Sirinn froze. There are moments when the truth can make or break a relationship, and it was one of those moments. He inhaled, then decided that honesty is the best option in love.

“To tell you the truth... I’m not quite beauhemian, my love. I look beauhemian, but I’m not!”

“You’re joking, yes? You cannot be a human with those pointy ears. A dwarf is not even an option. An elf? Have you been sick as a child, maybe?”

“No, Estella. No elf. No.”

He was quite upset now.

“I’m yellé, Estella. The Free people. The ones who refused to change when the humans came. The ones who hunt barefoot in the forest. The ones who sleep in the rain and revel in it. The...”

“He’s a head-hunter, sis, it’s obvious,” said Ulius. “Those neolithic savages from the Islands.”

“Savages? You take a stone and make a tool out of it. I dare you, Ulius! Let’s see your science at work!”

“Calm down, my love!” said Estella, putting her hand on his arm. “I love you anyway, be you whatever.

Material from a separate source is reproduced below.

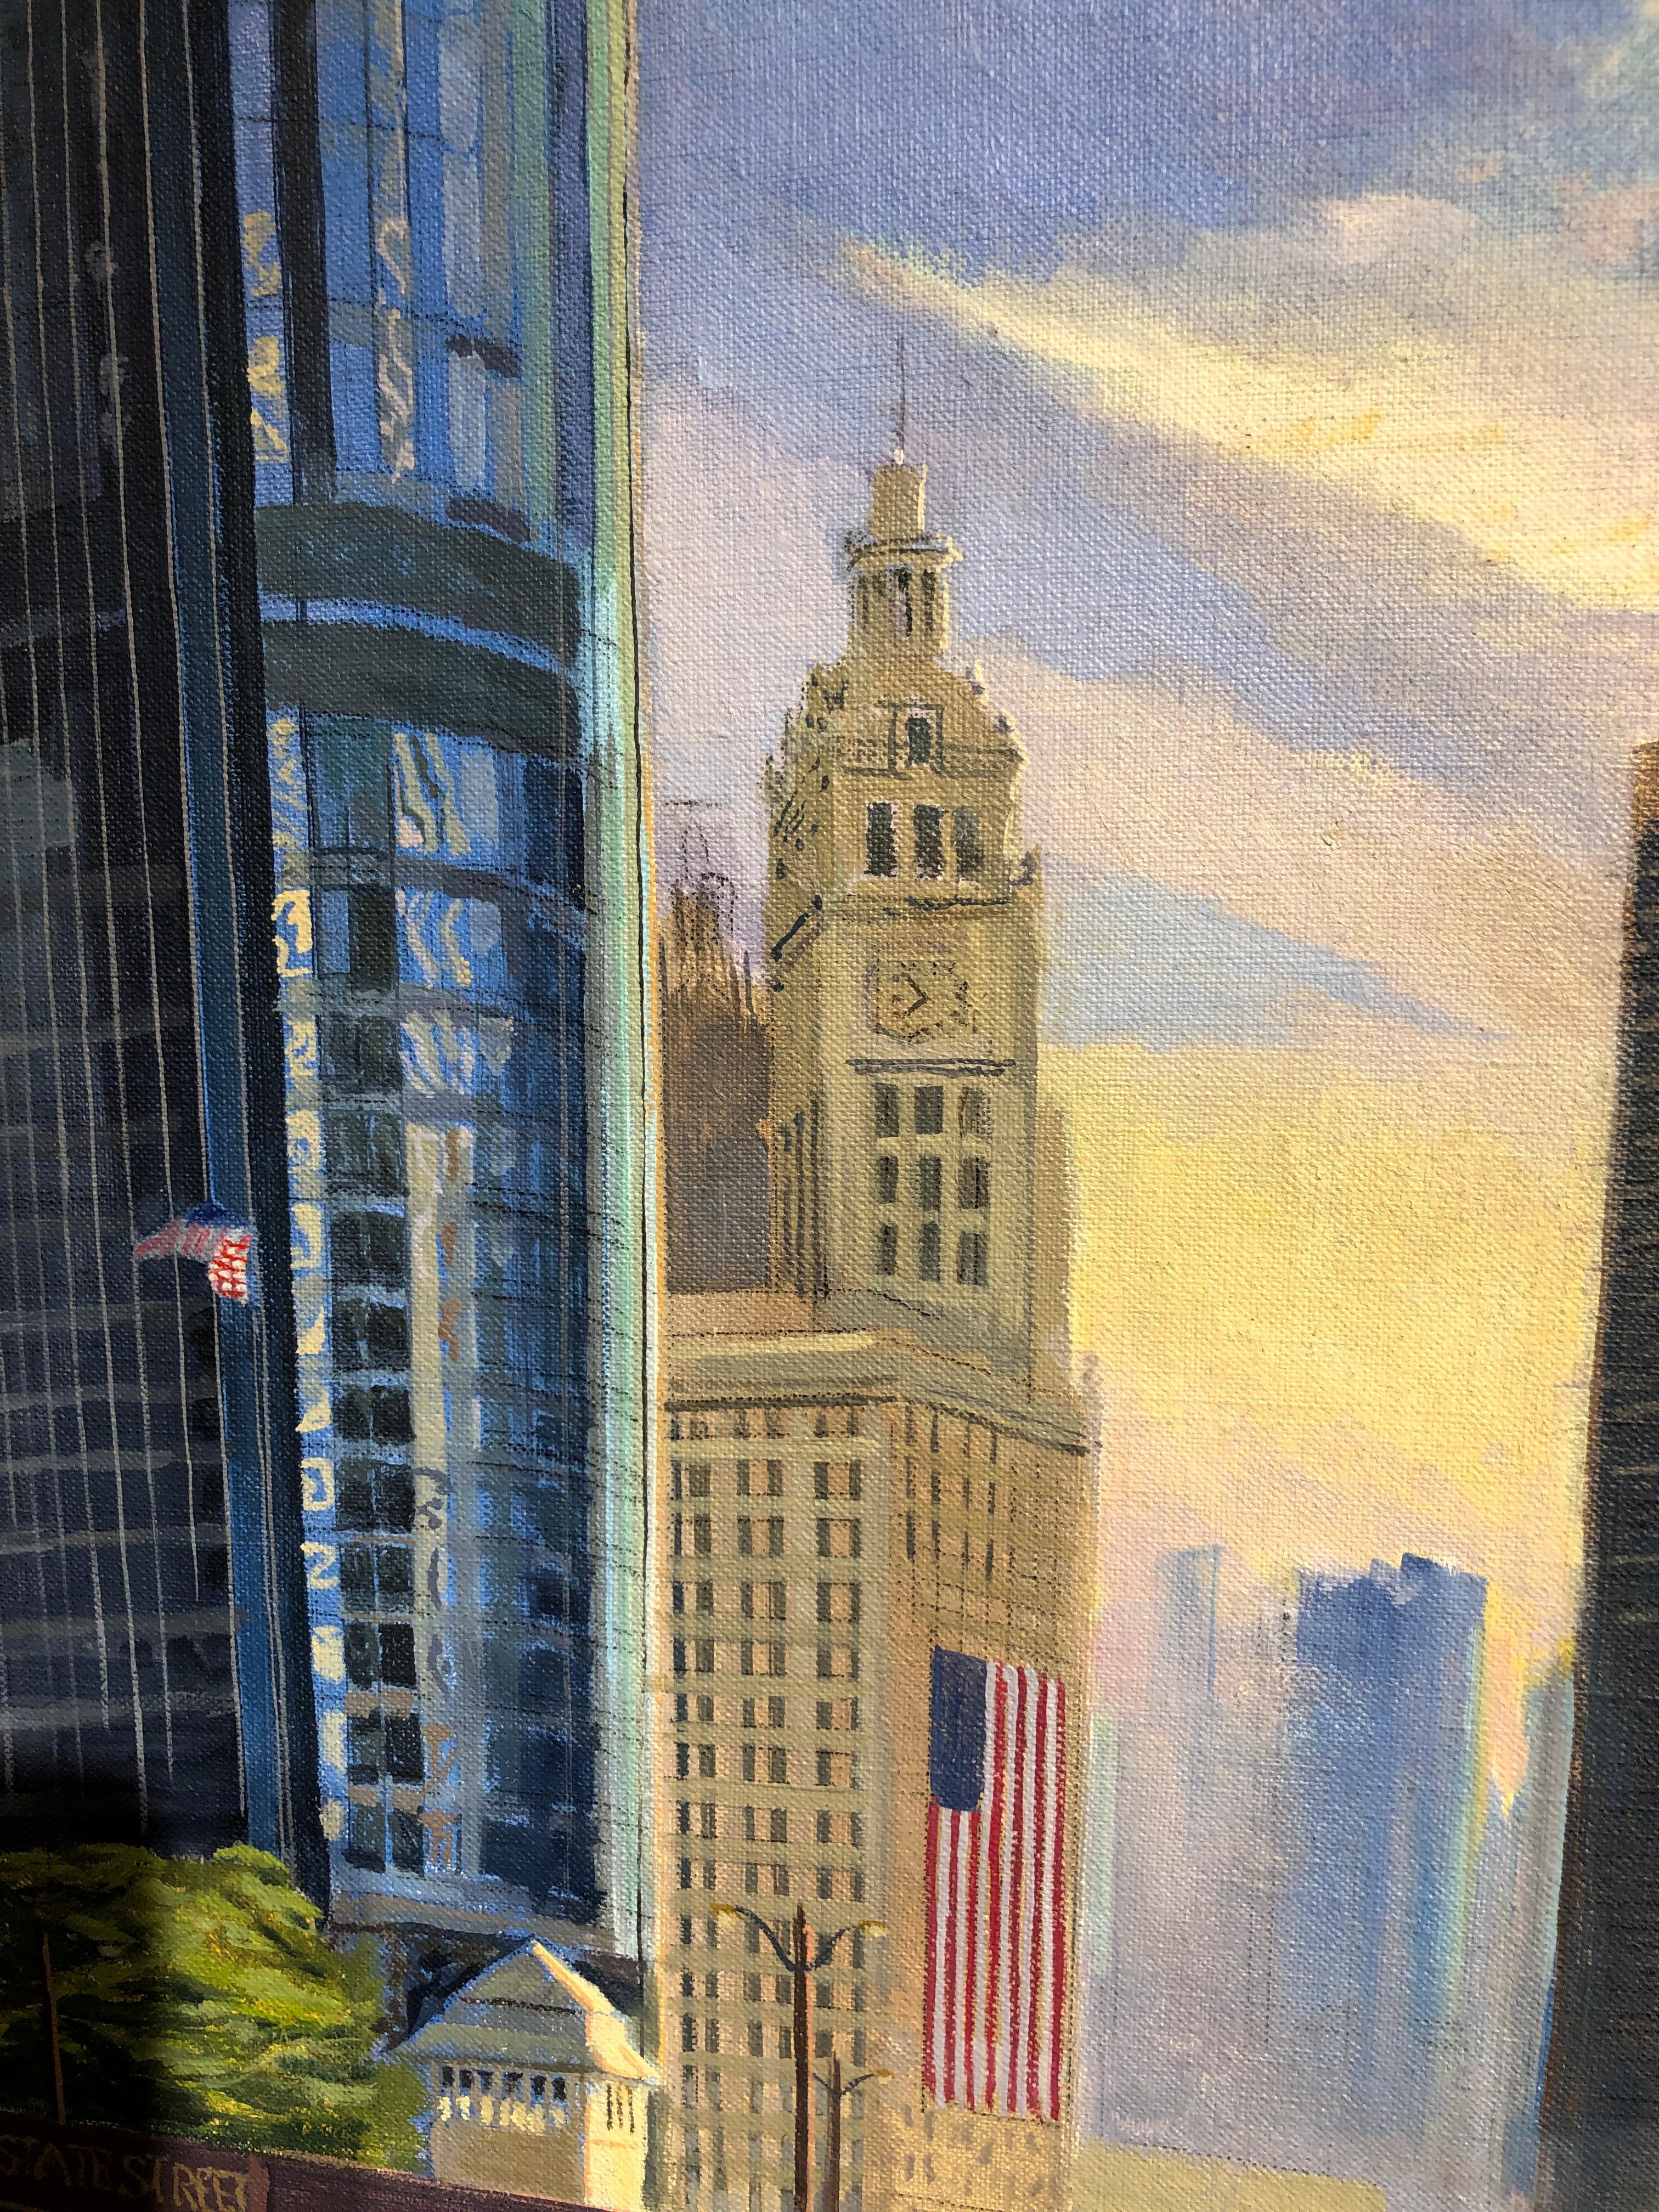 Chicago River at State Street - Rising Sun Urban Landscape Original Oil Painting 2

Every moment from now to the end of my life, I’ll fall in love with you.”

“Bleah!” whispered Vellantina.

“My dearest dove!” Sirinn sighed. “I’ll do the same, love you every moment, with every blink of my eyes and every beat of my heart!”

“Beurch!” whispered Ulius back to the Protectoress, hugging her by the shoulders and kissing her temple. She tucked herself into him, and they kissed rapidly and furtively, nibbling each other lips while the others were occupied with themselves.

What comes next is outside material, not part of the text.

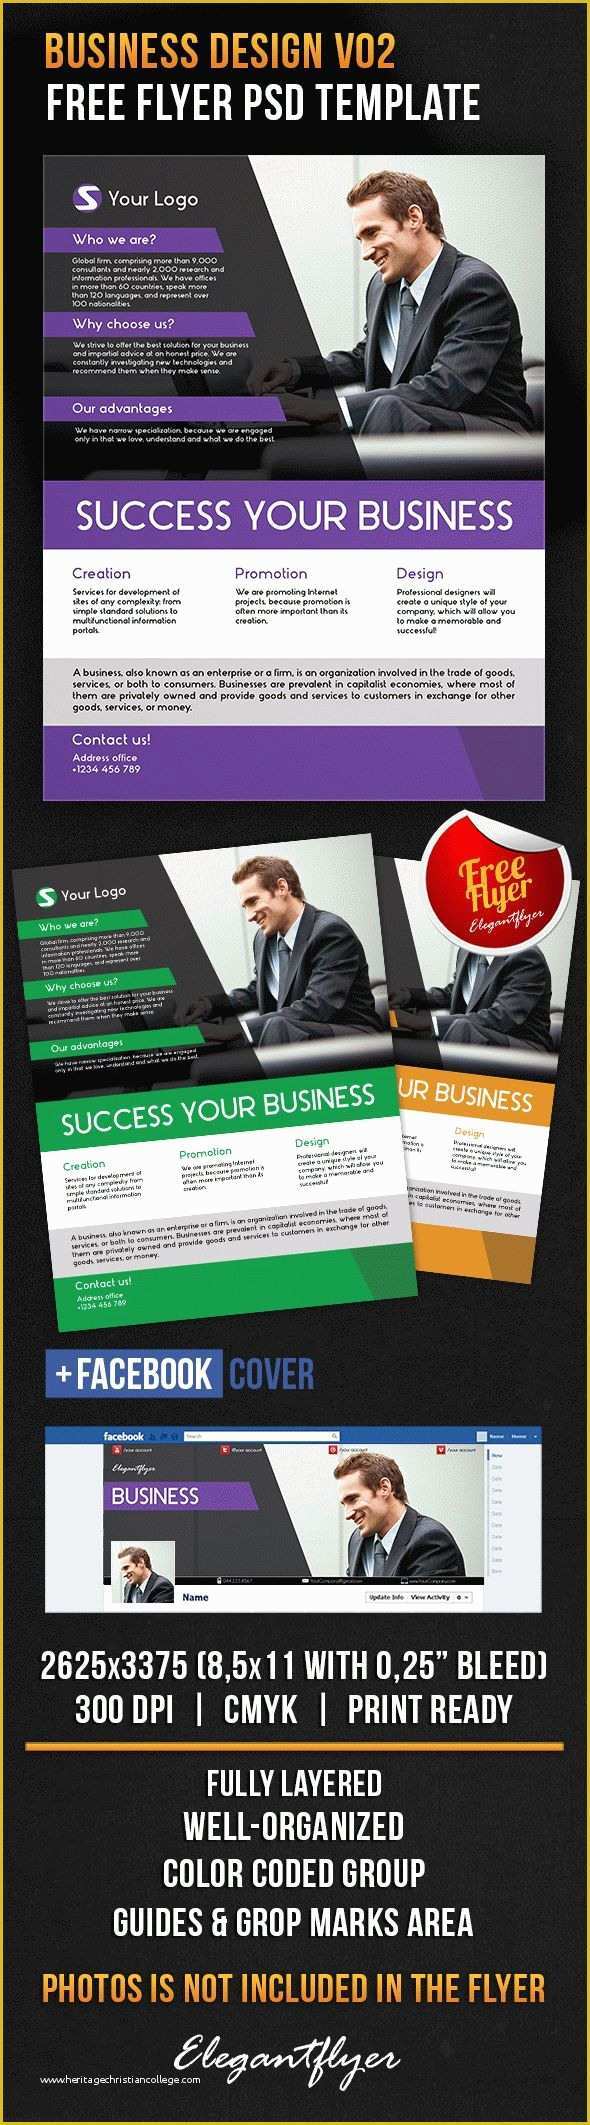 Facebook Ad Template Psd Free Of Get Flyer Template Business Design V02 Cover

“But why pretend to be a…well… beauhemian?” had asked Estella meanwhile.

“I never said I’m a beauhemian; I just let the others think I am. The story is simple: my tribe lived on the Archipelago’s Capital's outskirts, and life was hard. The humans were cutting the forest down, and food was scarce. Our tribe decided to go hunting on another island, and before they left, my parents took me apart and told me: Look, Sirinn. You are our weakest child, and we’re afraid you won’t make it through the trip. Your brothers and sisters are much stronger. They’ve already hunted explorer, while you still go for dhodos.”

“You have brothers, Sirinn?” asked Estella, interested.

“Five, and two sisters, that was back then. We kinda like big families. So, papa said: there is this nice guy, kind of a sucker for our people, charity society and all, he was talking about Ernest. I think you can make him take you with him, offer you food, shelter, clothes, and an education for free. Make him believe it’s his idea and that you’re doing him a service. And by all means, don’t let him know who you are, or he’ll drop you in the middle of the jungle just to put you in your natural habitat. So I hunted a few cats, skinned them, tanned the skins, made some hats to look like raccoon ones and begun peddling on the main street, where Ernest had business every day. And the rest is history!”

He was quite proud of himself, and Estella smiled back at him, the blindness of her loving heart passing over some minor details of his loved one race: the notorious consumption of human blood or the shrinking of heads.

“You know this kind of scam is so typically beauhemian, don’t you?” sussured Ulius in Vella’s ear.

“Yes, I do!” she replied through her pretend to smile clenched teeth.